Daniel dos Santos, Head of Security Research at Forescout Technologies
Directly Targeting Connected Medical Devices for Healthcare Disruption: The insecure-by-design features in many connected medical devices are increasingly tempting targets for threat actors who want to disrupt operations at healthcare facilities.

In 2023, we expect healthcare cyberattacks to not only spill over to medical devices – as was the case for several ransomware incidents in the past few years – but even start to target them directly, though this would require attacker motivation to purposefully target devices that could directly harm people.

We highly recommend medical device manufacturers strengthen their internal development and testing lifecycles to make sure that vulnerabilities are discovered and addressed early on, before they are found by other parties.

Gerry Blass, CEO at ComplyAssistant
Investments in cybersecurity will remain a top priority for healthcare executives. There are three specific gaps for provider organizations to watch in the year ahead: vendor risk management, internal audits, and disaster recovery plans.
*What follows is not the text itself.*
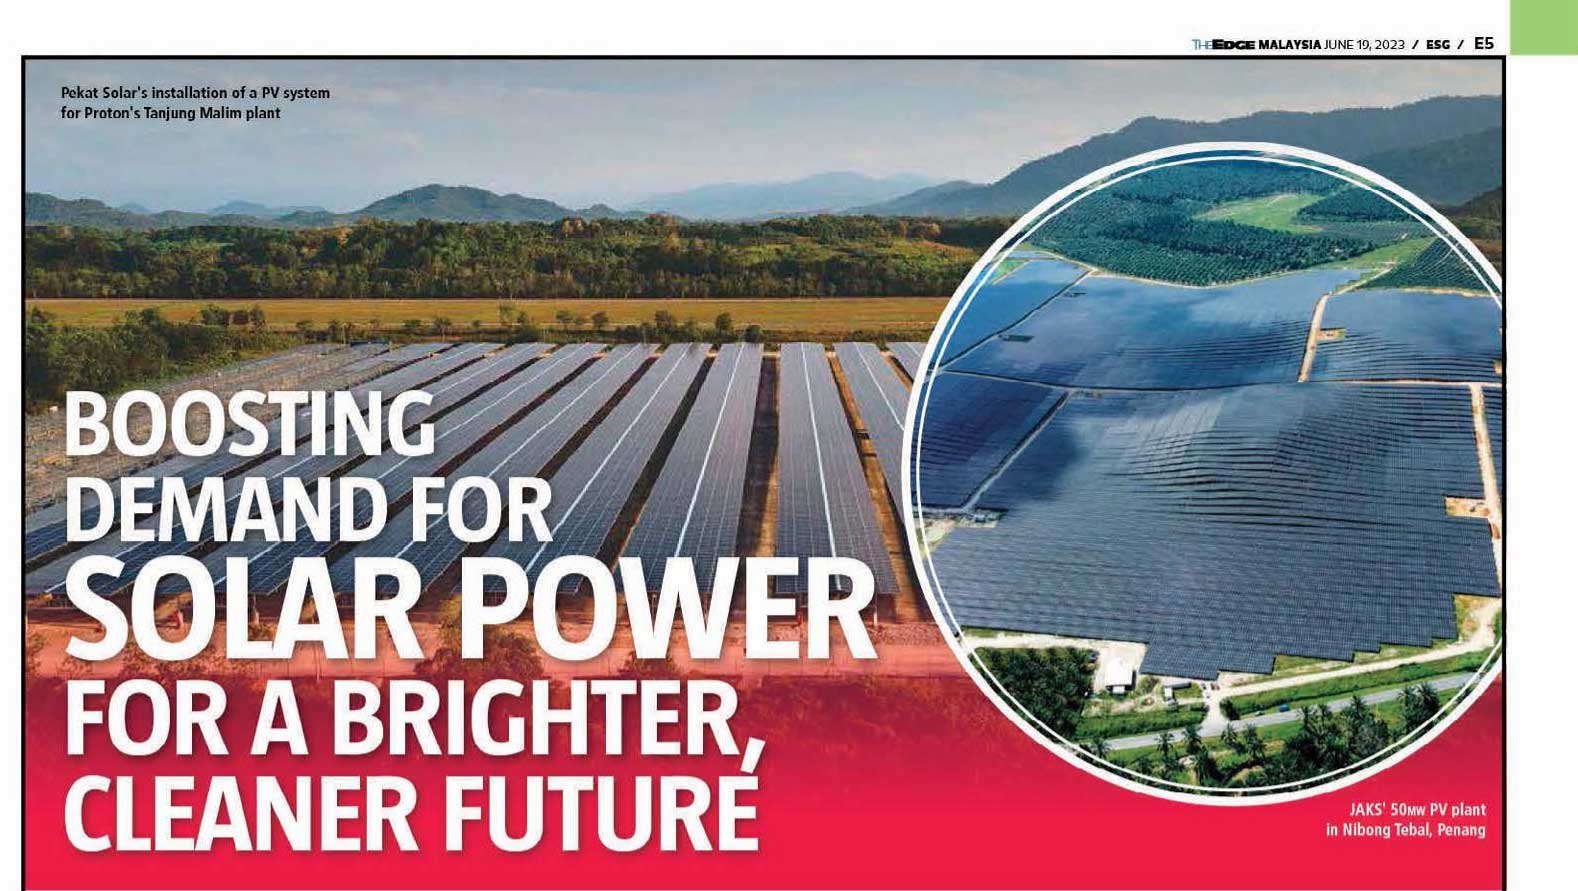 Boosting Demand for Solar Power for a Brighter, Cleaner Future

From a third party vendor perspective, keep an eye on NIST. They are NIST updating their Cybersecurity Framework from version 1.0 to version 2.0 during 2023. Compliance with the new framework should be another evaluation factor for an organization’s third-party vendors. A complete risk register provides vital information in the case of an audit, details risks that could impact business, and gives departments an autonomous roadmap for the year ahead. Finally, DRBC plans should be updated to address extended breaks in system access—even beyond three full business days.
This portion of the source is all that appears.